The Early Years (2)

Written by Mark Hodkinson (OMUNIBUS PRESS)
Jenny
1時間考えてもジョンの逸話を思い出せなかった、
ゴーゴーダンサーのジェニーさん

Chapter 1 : Clucksville (p.15--p.17)

The Oppositionは1965年の夏、ジョンが丁度14歳になる直前に結成された。当時の彼の堅苦しい冷淡な態度は、この年頃特有の物だともいえる。この名前に決めたのは、単に憶えやすいからであったらしい。ビーカム・グラマー・スクールでは、各学年毎にバンドがあって、彼らはそのうちの一つだった。イングランドの他の土地と同様、レスターもまた、スイングしていた時代である。陽気な喫茶店風ポップ、例えばHerman's Hermits、Peter and Gordon、The Hollies、The Rockin' Berries、そして、もちろんビートルズやローリングストーンズに触発されて、街中の若者がギターを手にしていた。じゃかじゃかと何度か下手な音を鳴らして、後はチューニングし直しもせずに部屋にほったらかしにしている者がほとんどだった中で、音楽によって友情を深め、練習を続けた者もいた。The Oppositionの4人のメンバーがそうだった。

ジョン・ディーコン、または「ディークス(Deaks)」として知られている彼は、Rosemead Drive の近くに住んでいた親友のナイジェル・バレン(ドラム)や、リチャード・ヤング(ボーカル・リードギター)、クライブ・キャッスルディン(ベース)と共にバンドを作ったわけだが、バンドのメンバーとしては一風変わっていたようである。「ジョンはすごく熱心だったけどね」クライブ・キャッスルディンは言う。「彼みたいに勉強が出来る奴が音楽にハマったのが不思議だったな。学校じゃ、恐ろしく出来が良くて勉強熱心だったんだ。多分、ギターを習うのも勉強を習うのも同じだと思ってたんじゃないかな。どっちも熱心に、完璧にこなしてたよ」

ジョンはアコースティックギターを弾いていた。それは12歳から新聞配達をして貯めた金で買ったもので、最初は学友のロジャー・オグデンと共に、彼の家でレコードを聞きながら弾いていたらしい。The Oppositionがヤードバーズやアニマルズ、タムラモータウン系の曲をカバーし始めたとき、彼は既にかなりの腕前だったようである。グループの原動力は、リチャード・ヤングだった。リハーサルは彼の両親の手で行われた。裕福な家の息子だった彼は、(父親は電気製品の卸売りの会社を経営していた)他のメンバーに金を貸して、楽器を買わせもした。メンバーは初めから適当な道具を入手できたのである。ジョンのギターは60ポンドだったので、週毎にリチャードに返済するよう約束した。リチャードは、他人…特にジョンには、金を貸すことを厭わなかった。ジョンの母親が息子にギターを買い与えるなどもってのほかで、勉強の妨げになるだけだと思っているのを、知っていたからである。

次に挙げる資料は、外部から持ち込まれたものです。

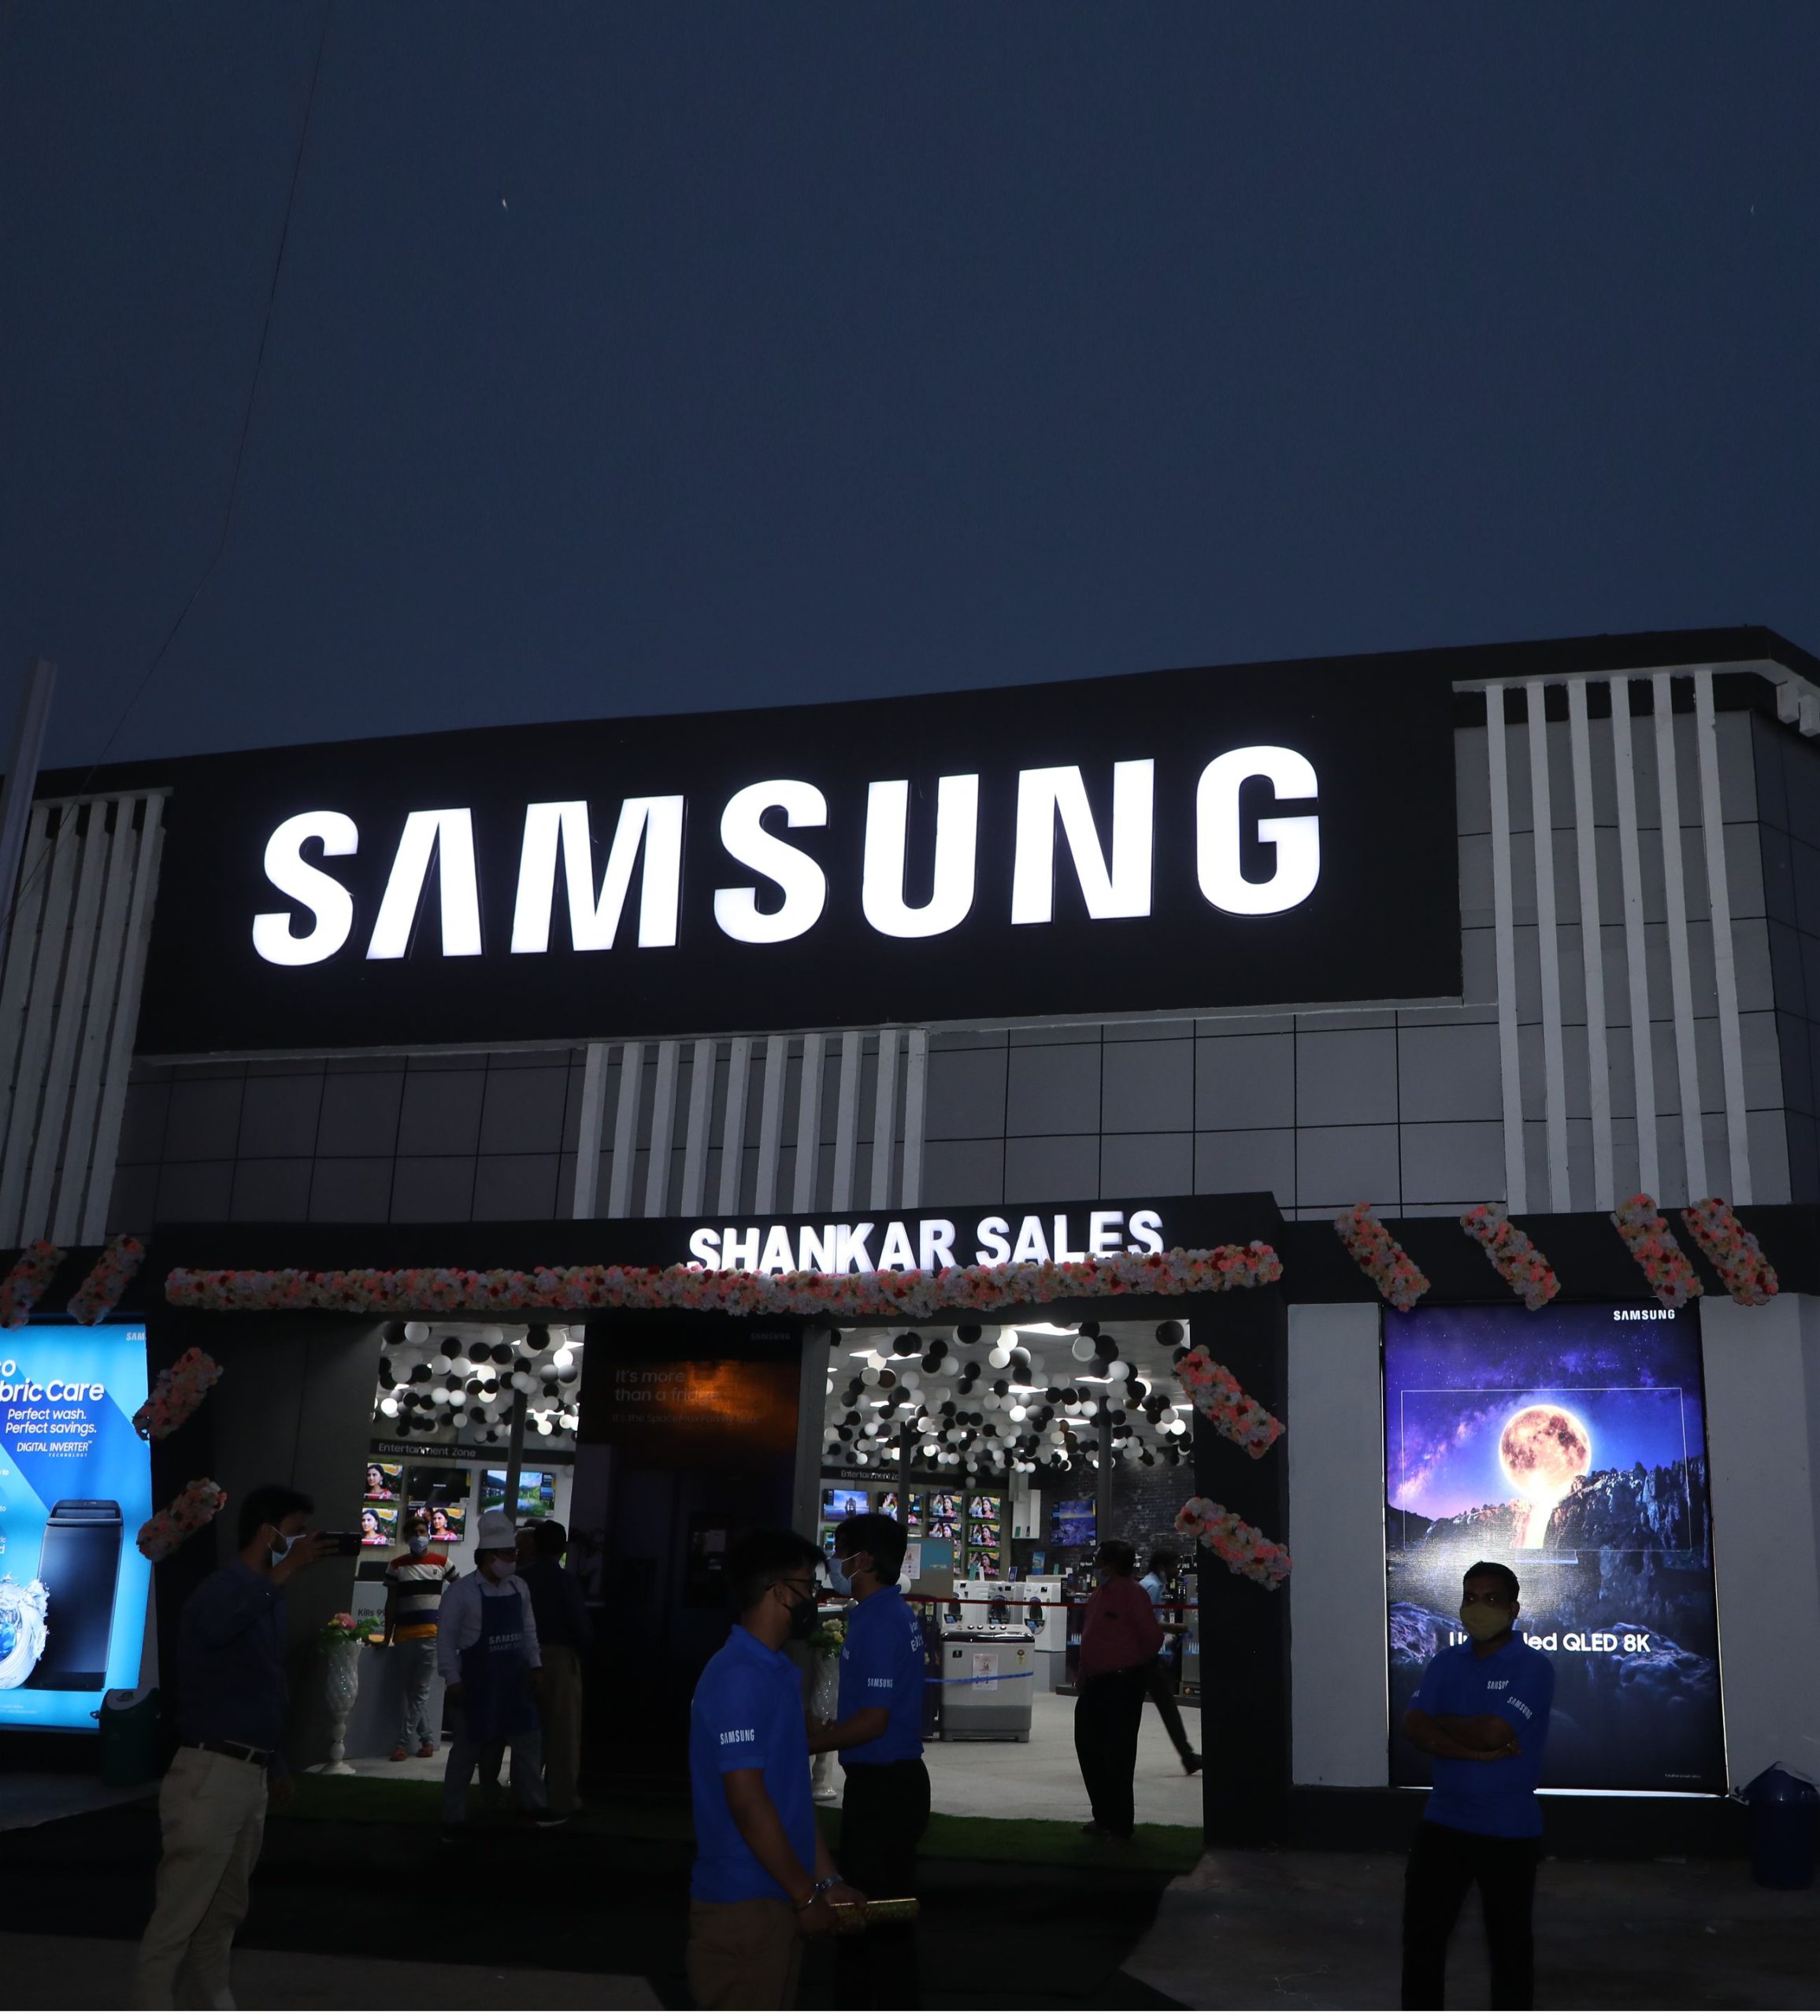 Samsung -Shankar Sales Case study img
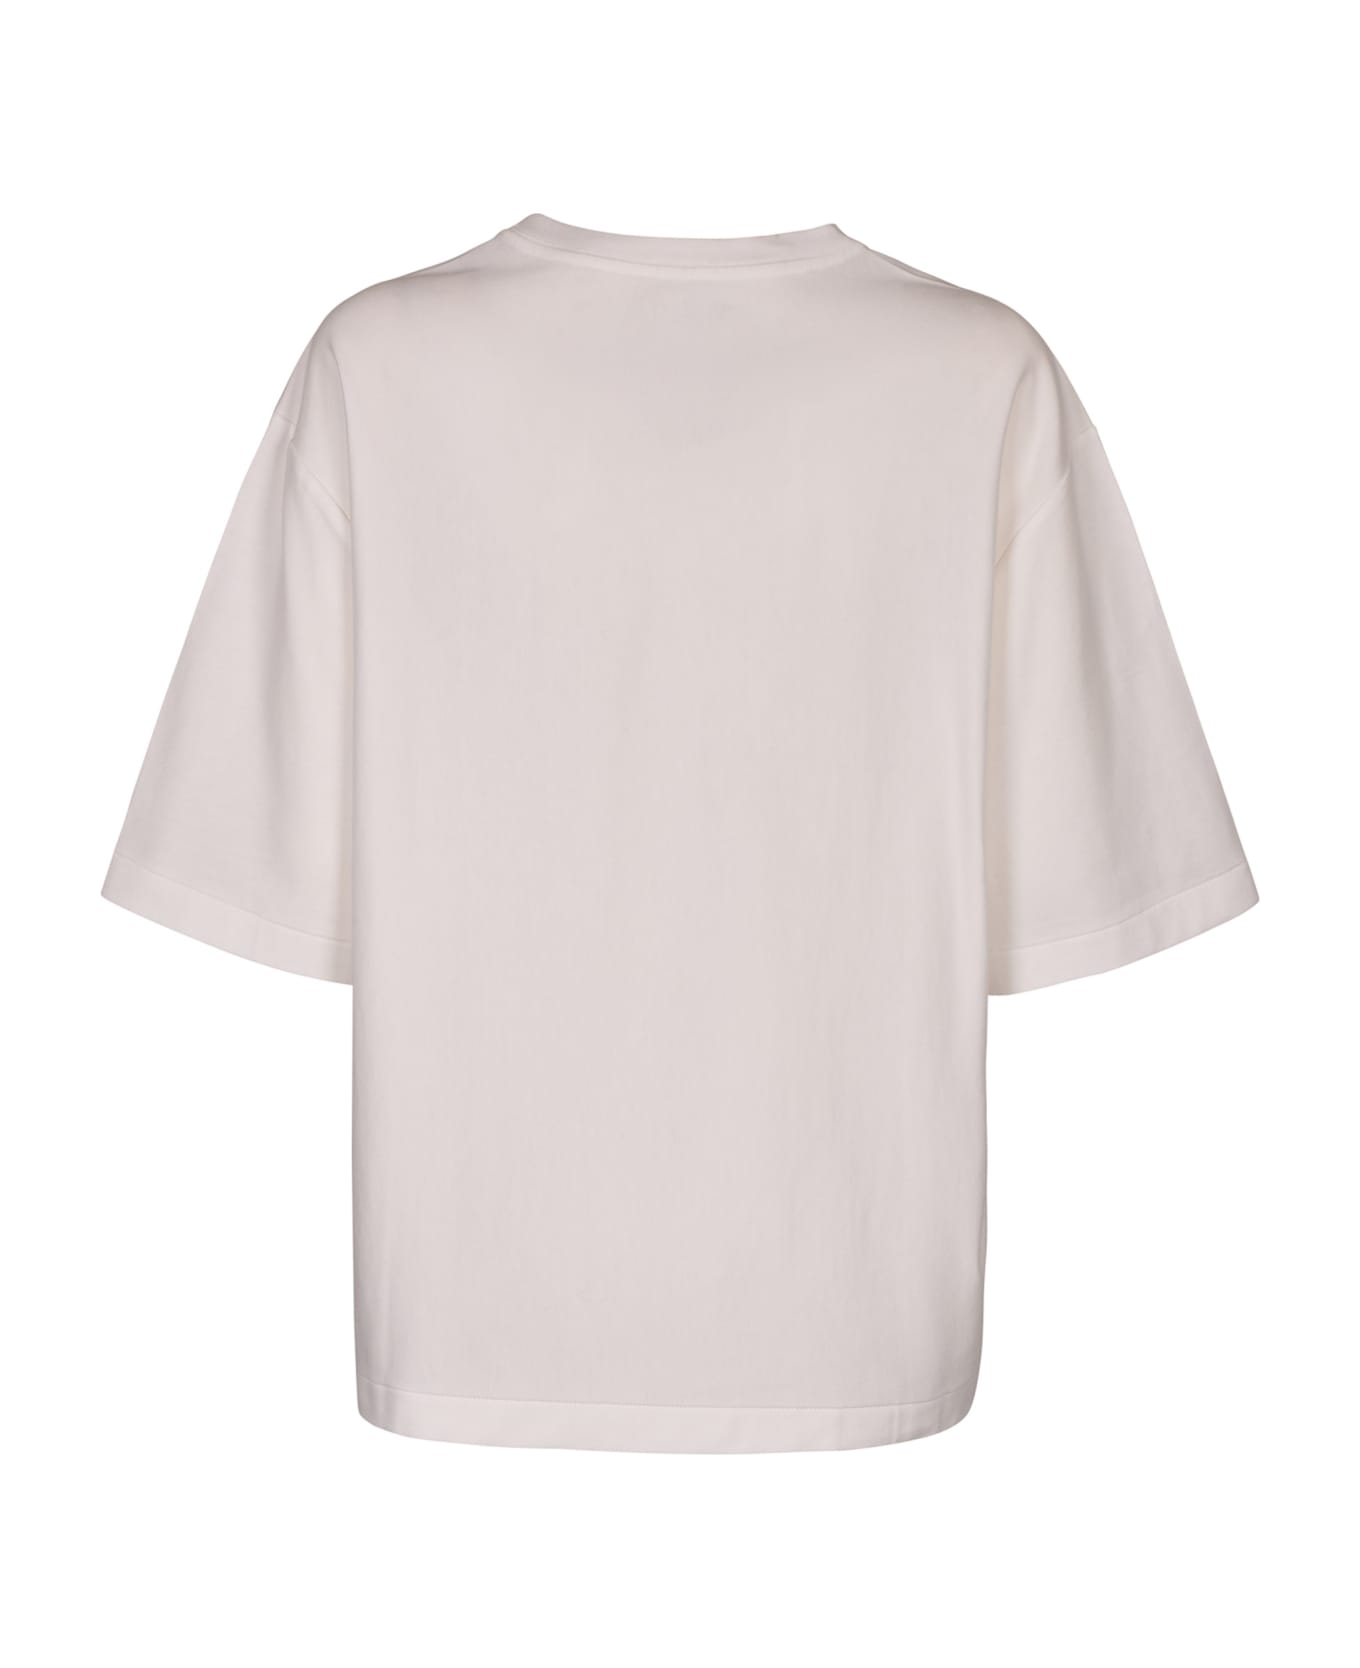 Tanaka The T-shirt - White Tシャツ

グループは温かい友情に満ちていた。バスでレスターまで一緒に行き、ナイジェルのキットを分解して持ち帰り、リチャードはハンドルバーにVox AC30アンプを括り付けて、キングストリートのCox's Music Storeから自転車で家に帰ったりしたらしい。1965年9月にクライブ・キャッスルディンの家でのパーティーで友人相手に演奏した彼らは、その後すぐにガートリー・ハイ・スクールのダンスパーティーに出演する。確認できる限りでは、最初の公での演奏は、1965年12月、エンダービーの協同組合のホールだったようである。まもなく、オードビーに点在している村むらのユースクラブの常連となる。いつもネクタイとスーツを着用していた彼らのイメージはきっちりしたものだった。「クールだとか、へんちくりんだとか、そんなんじゃなかったな。昔のことだったから」クライブは言う。「みんな短髪だったしね。髪を伸ばしたりする前の時代だったんだ」

不幸なことに、たった10ヶ月続けた時点で、クライブが足を引っ張り始める。他のメンバーは上達していったにも関わらず…。「僕はちっともうまくならなかった。そんなに真剣じゃなかったんだな」彼は回想する。「みんな、僕にベースの弾き方を叩きこんでくれたよ。でも僕は上の空で、ベストをつくそうなんて気分じゃなかったんだ。女の子とか、バイクとか、他のものに興味が出て来たせいだ」リチャード・ヤングは、一生懸命クライブにベースパートを教えたらしいが、彼はステージに立つとすっかり忘れてしまい、キーを外したのだそうだ。「僕らはみんな、クライブなしでやっていこうって思うようになった」リチャードは言う。「彼はすごく良い奴だけど、どうしようもなかったよ。僕は2時間かけて一つの曲を教え込んだけれど、ステージでは元のもくあみさ。最後には、くびにするよりほかになかったんだ」 この時は誰一人想像だにできなかっただろうが、クライブの下手なベースプレイこそ、ジョン・ディーコンのクイーンへの道のりにおける触媒となったのである。今まで自分はギタリストだと思っていたジョンだったが、The Oppositionの要請に応えて、寛大にもベースに転向する。この出来事は、几帳面なリチャードが付けていたバンドのダイアリーに克明に記されていた。1966年4月2日付の日記には、こうある:
「クライブを放り出して、ディークスんちの台所で、彼にベースを練習してもらう。――ずいぶんうまくいった」

(つづく)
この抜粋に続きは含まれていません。